Help with kinetic energy/potential energy ratio

[Princess19]

Homework Statement

What is the ratio of kinetic energy to potential energy, of a satellite orbiting a mass M around a radius R.

Homework Equations

ke = 1/2 (mv^2)/r, pe = -Gmm/r^2 (im not really sure of these, i don't have my book with me)

The Attempt at a Solution

this was a problem on my test, and i don't know if i got it right, so i would like to know what the answer is.

i had no idea how to do this so i just did

2ke = pe

ke/pe = 1/2.

what is the answer? i know i got it wrong hehe

any input is appreciated! thanks!

 

[kuruman]

Start from
KE = (1/2)mv²
PE = -GMm/r

Write Newton's 2nd Law for a circular orbit and solve for the speed v.
Replace v in the KE equation.
Take the ratio and see what you get.

 

[Princess19]

all i want to know is if i have it right. were not going to have a final exam so i won't see this stuff ever again.

anyways ill try it because I am bored...

(1/2)mv2/-GMm/r

thats its i have no idea what else

 

[kuruman]

all i want to know is if i have it right. were not going to have a final exam so i won't see this stuff ever again.

You don't have it right.

 

[Princess19]

haha i knew it

so how do u do this problem? all i can get is to that first part i just did

 

[kuruman]

In my posting #2 I gave you three steps.
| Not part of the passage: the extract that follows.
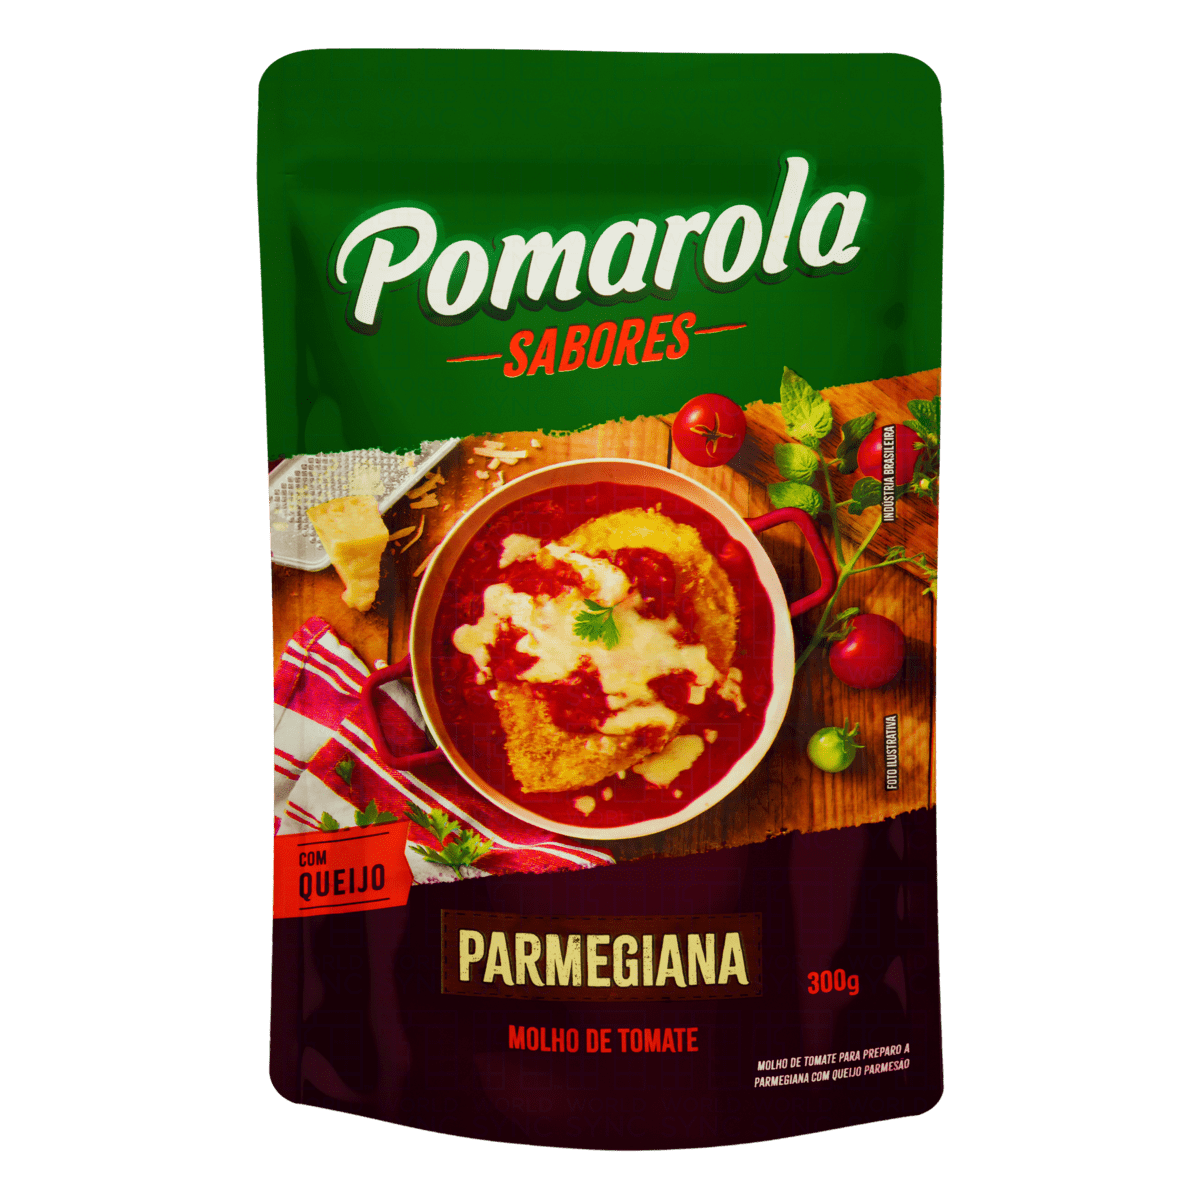 POMAROLA - Molho de tomate a parmegiana - 300g - VENDA FINAL - EXPIRADO ou PERTO DE EXPIRAR

You skipped to the third without doing the first two. OK, once more

Step 1
Write Newton's 2nd Law for a circular orbit and solve for the speed v.

Finish this and I will help you with the rest.

 

[Princess19]

i still don't know how to do it

 

[Princess19]

can someone help me?

 

[zachzach]

Maybe you should check your sign?

 

[Princess19]

im so lost, wat sign?

im up to this part

(1/2)mv^2/GMm/r

 

[kuruman]

i still don't know how to do it

Newton's 2nd Law says F = ma. For a satellite of mass m orbiting the Earth in a circular orbit, what is F and what is a?

 

[Princess19]

Newton's 2nd Law says F = ma. For a satellite of mass m orbiting the Earth in a circular orbit, what is F and what is a?

F = m.v^2 / r ??

 

[kuruman]

Correct for the ma part. Now what is the force F for the gravitational attraction?

 

[Princess19]

Correct for the ma part. Now what is the force F for the gravitational attraction?

mg ?

 

[kuruman]

No. It is the Law of Universal gravitational force that has upper case G not lower case g in it.

 

[Princess19]

F = GMm/r^2 ?

 

[kuruman]

That's the one. Now let's go to step 2. You have F (posting # 16) and you have ma (posting #12). Set the two equal and solve for the quantity mv².

 

[Princess19]

That's the one. Now lets' go to step 2. You have F (posting # 16) and you have ma (posting #12). Set the two equal and solve for the quantity mv².

ok so

F = ma
GMm/r^2 = m . v^2 /r

GMm/r = mv^2

is that it? what next?

 

[kuruman]

Step 3. You know that KE = (1/2)mv². What is KE in terms of GMm/r?

 

[Princess19]

Step 3. You know that KE = (1/2)mv². What is KE in terms of GMm/r?

i don't understand lol

is it GMm/2r?

 

[kuruman]

Right. KE = GMm/(2r). You know what PE (see posting #2).
So what is the ratio KE/PE?

 

[Princess19]

1/2? or is it 2?

 

[Princess19]

-1/2?

 

[kuruman]

Bingo.

 

[Princess19]

hmm weird that wasnt one of the choices on the test, just 1/2 and that's what i marked. wonder if its a typo on the test...
oh well thanks a bunch!

 

[kuruman]

Strictly speaking one of the choices should have been -1/2. If you marked 1/2 and that was the only choice, then you probably got full credit. Some examiners don't pay attention to signs, but that is confusing to students who do.